Harris è consapevole che nel North Carolina i democratici hanno vinto solo due volte negli ultimi decenni – con Jimmy Carter nel 1976 e con Obama nel 2008 – ma sta cercando di mobilitare gli elettori di colore e le donne delle principali comunità urbane. Se la vice di Biden riuscirà a sfondare nello Stato della Sun Belt potrebbe essere, a prescindere dal risultato generale, un buon segno per il partito democratico.

Pennsylvania

È il più importante degli Stati in bilico. Non c’è scenario realistico che preveda una vittoria di Harris senza la conquista del Keystone State e dei suoi 19 grandi elettori, il bottino più grande di tutti gli swing state. “Se vinciamo in Pennsylvania vinciamo tutto”, ha affermato Trump che qui nel 2016 ha vinto per meno di un punto percentuale per poi perdere quasi della stessa misura nel 2020.

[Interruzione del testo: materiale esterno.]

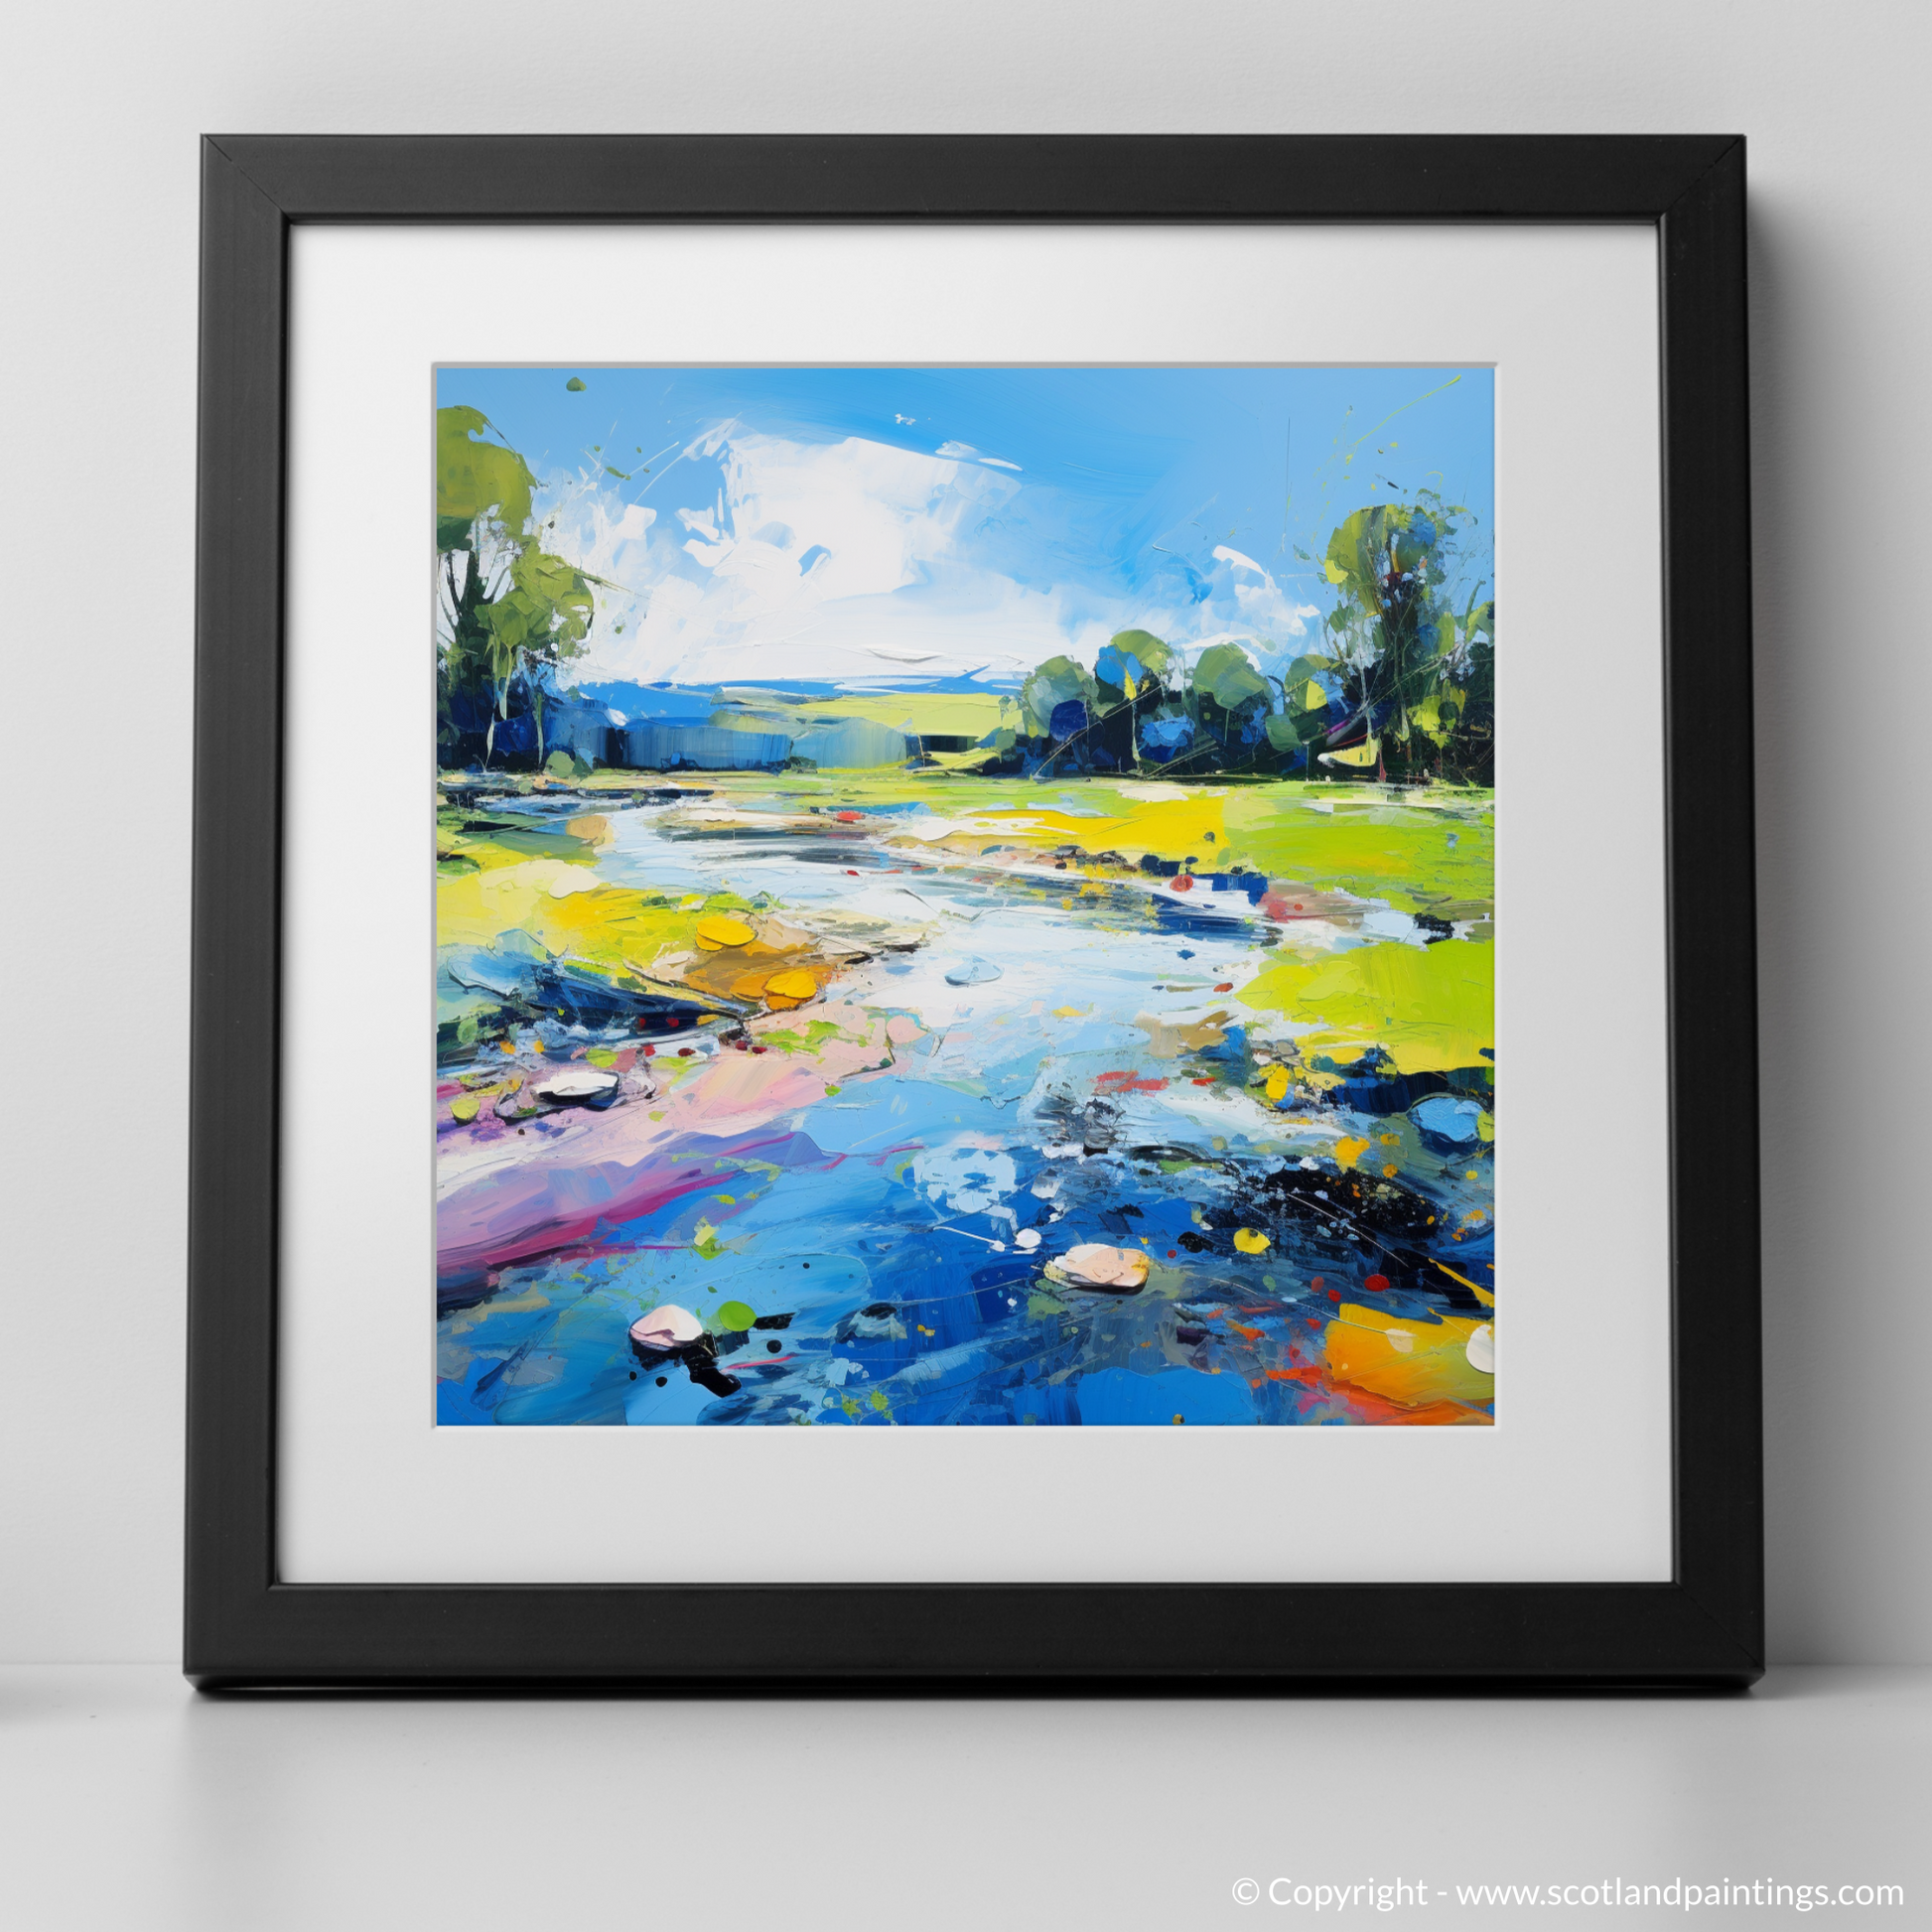 Art Print of River Dee, Aberdeenshire in summer with a black frame
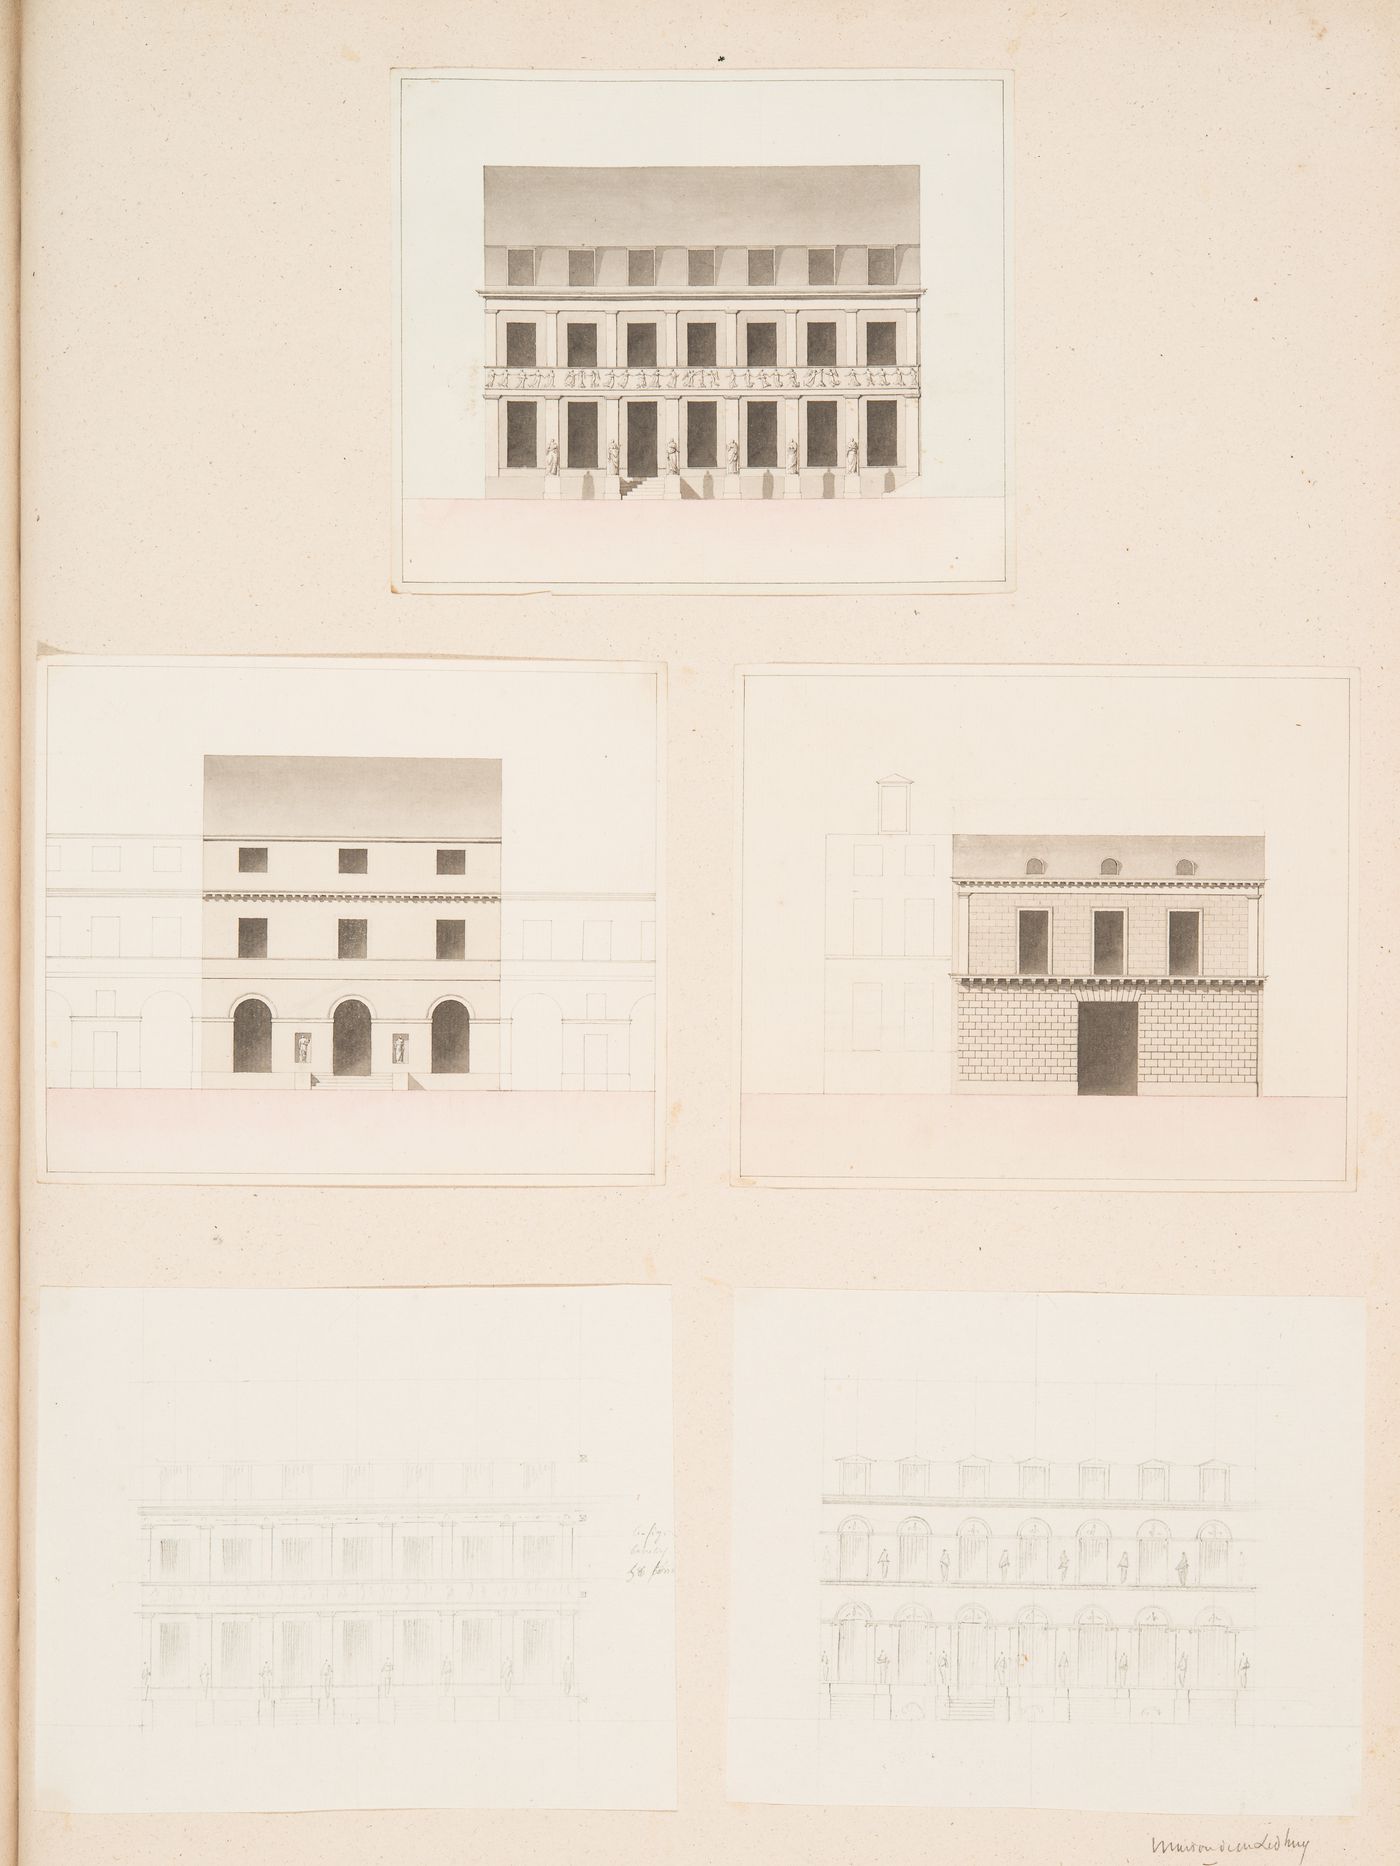 Project for renovations for a house for M. le Dhuy: Elevations, possibly alternate designs

La Pennsylvania è un microcosmo perfetto dell’elettorato moderno degli Stati Uniti. Le città blu di Philadelphia e Pittsburgh si trovano agli estremi opposti dello Stato. In mezzo sorgono comunità devastate dal declino dell’industria siderurgica e considerate un bacino perfetto per il candidato repubblicano. Convincere i cittadini “dimenticati” e mantenere coeso il fronte composto da afroamericani, asiatici e Latinos appare al momento come un’impresa tutta in salita per Harris.

Wisconsin

Sia Trump che Biden hanno vinto nel Badger State rispettivamente nel 2016 e nel 2020 ed entrambi per meno di un punto percentuale. Il Wisconsin è in generale caratterizzato dalla forte presenza di un elettorato meno variegato rispetto agli altri e i repubblicani intendono infliggere qui un colpo al blue wall degli avversari. Non è un caso che la convention nazionale del Gop si sia svolta a Milwaukee.

Per spuntarla sullo sfidante i dem devono mobilitare gli elettori delle comunità urbane senza trascurare quelli delle aree suburbane e delle campagne.

Spetterà ai residenti nello Stato decidere se rispondere all’appello per la difesa dei diritti riproduttivi e all’allarme per la democrazia lanciati da Harris proprio nei comizi nel Badger State oppure se dare una seconda chance alle ricette economiche di Trump e alla sua promessa di risolvere il problema dell’immigrazione rendendo, come recita il suo slogan, di nuovo grande l’America. Qualunque cosa ciò voglia dire.